Слоновья память - Лобу Антунеш Антониу. Страница 20

— Хуй мне в рот, если я буду изучать все это говно.

В то время он мучился над созданием крайне слабой поэмы, навеянной «Бледным огнем» Набокова, и верил, что обладает размахом Клоделя периода великих од, смягченным сдержанностью Т. С. Элиота: отсутствие таланта — благодать, как он убедился позднее, только вот трудно бывает с этим смириться. И, приняв свою заурядность, поняв, что он обычный человек, иногда позволяющий себе, как куропатка, вспорхнуть в каком-нибудь случайном стихотворении, и спину его не тяготит гигантский горб бессмертия, он почувствовал, что может себе позволить страдать без оригинальничанья, молчать, не окружая себя стеной печальной сосредоточенности, которая ассоциировалась у него с гениальностью.

Психиатр обошел Шелковичный сад, пройдя вдоль пахнущих солнцем домов, впитывающих штукатуркой фруктовый сок света. На одной стене, где остатки сорванных плакатов болтались, как тряпье на лысом затылке, он прочел надпись углем:

НАРОД
ОСВОБОДИЛ
ТОВАРИЩА
ЭНРИКИ
ТЕНРЕЙРУ [90]

И логотип анархистов внизу: ироничное А, заключенное в круг. Шедший впереди него слепой стучал по камушкам тротуара тростью, будто отбивая ритм неуверенными кастаньетами: мертвый город, подумал врач, мертвый город в гробу из изразцов, ожидающий без надежды всякого, кто еще явится, будь то слепые, пенсионеры, вдовы, Салазар, который, бог его знает, может, и не умер. В больнице, где работал врач, был пациент, алентежанец, серьезный, очень сдержанный сеньор Жоакин, всегда в шляпе с мягкими полями и в идеально чистом и отглаженном комбинезоне, постоянно находившийся на прямой телепатической связи с бывшим председателем Совета министров, которого он почтительно именовал «наш профессор» и от которого получал указания о том, как следует организовать работу государственных учреждений. Он служил в республиканской гвардии где-то в затерянном поселке на равнине, когда в один прекрасный день стал, угрожая ружьем односельчанам, сгонять их на строительство тюрьмы в городе Кашиаш, повинуясь инструкциям, которые ему нашептал на ухо наш профессор. Время от времени психиатр получал письма из родного поселка сеньора Жоакина, подписанные настоятелем местного собора или начальником пожарной бригады, с просьбой ни в коем случае не выпускать на волю этого грозного эмиссара призрака. Однажды врач вызвал сеньора Жоакина к себе в кабинет и сказал ему то, что не осмеливались сообщить санитары:

— Сеньор Жоакин, наш профессор скончался полтора месяца назад. Вот и в газете фотография.

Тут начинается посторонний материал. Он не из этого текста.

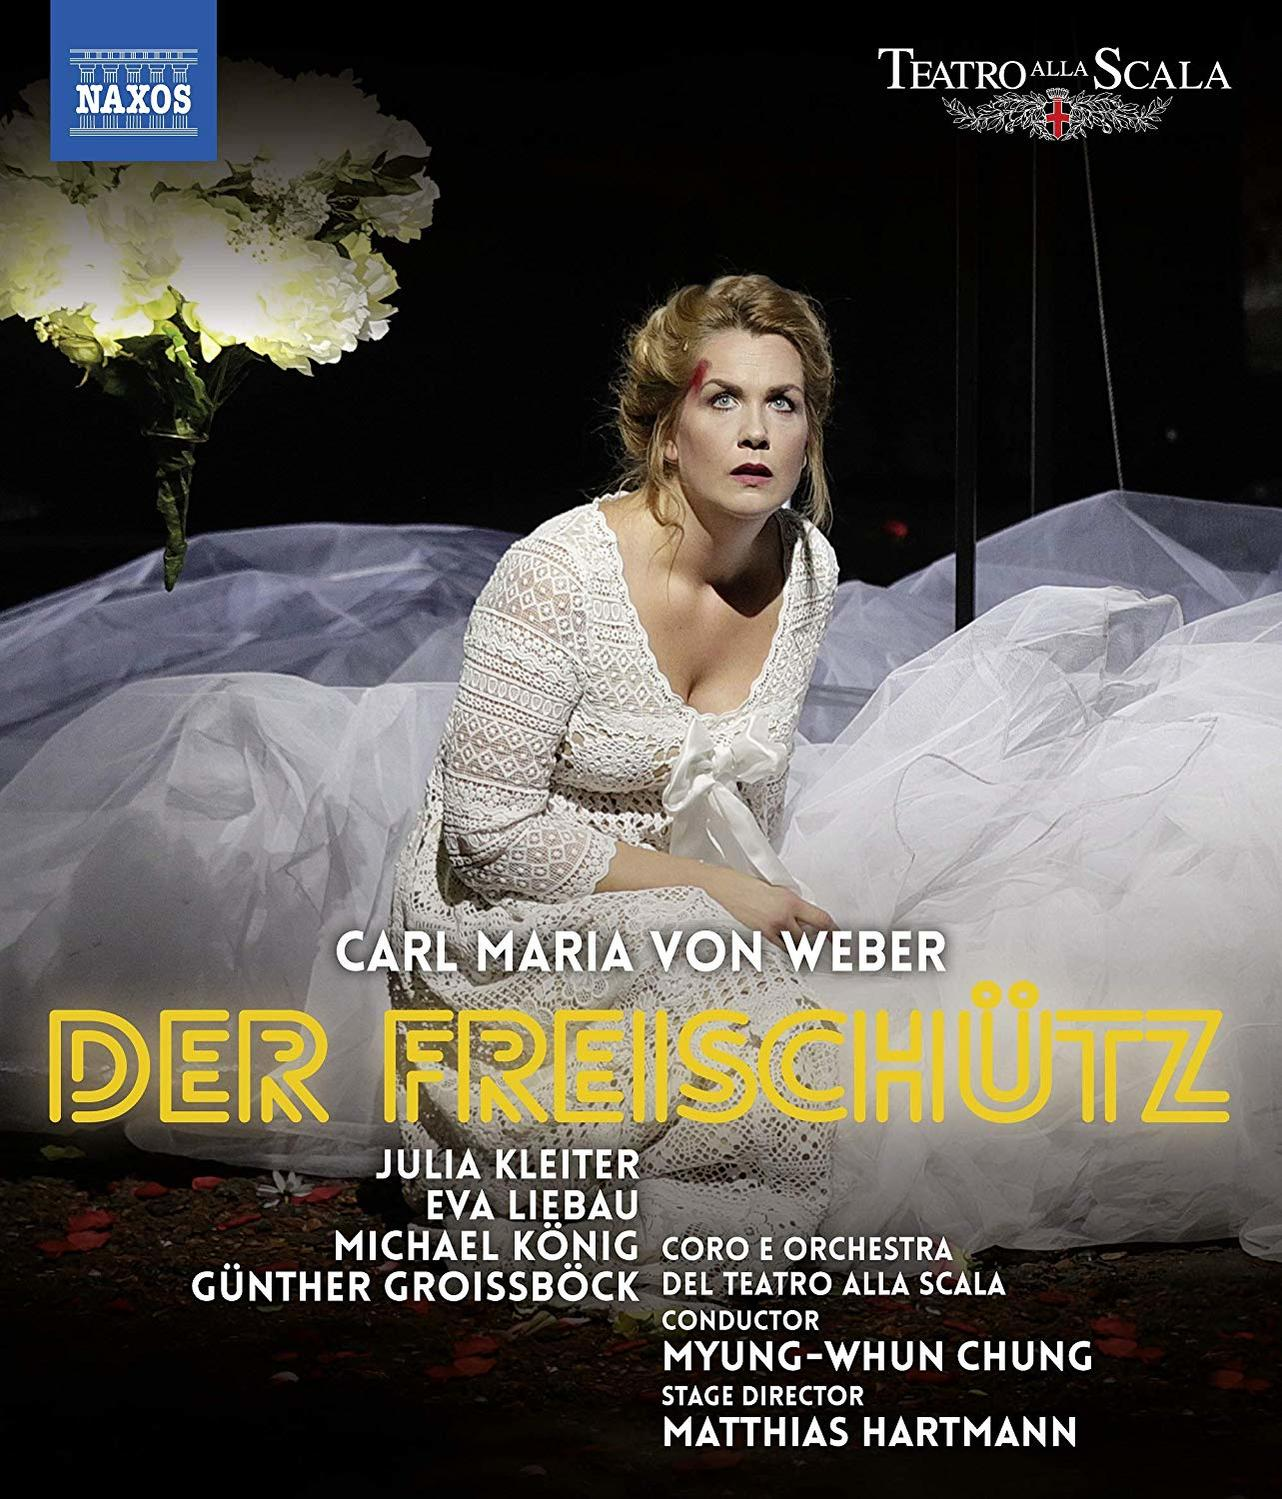 Weber: Alla Scala, Freischütz Günther (Blu-ray) Del Carl König, E Kleiter Liebau, Julia Michael Coro Groissboeck, Maria Der Teatro Orchestra Von - - Eva

Сеньор Жоакин выглянул за дверь, чтобы убедиться, что никто не подслушивает, вернулся в кабинет, наклонился к психиатру и прошептал:

— Это все понарошку, сеньор доктор. Он подсунул им труп двойника, и оппозиция проглотила наживку; ну сами посудите: он вот только минут пятнадцать назад назначил меня министром финансов. Наш профессор переиграет всех.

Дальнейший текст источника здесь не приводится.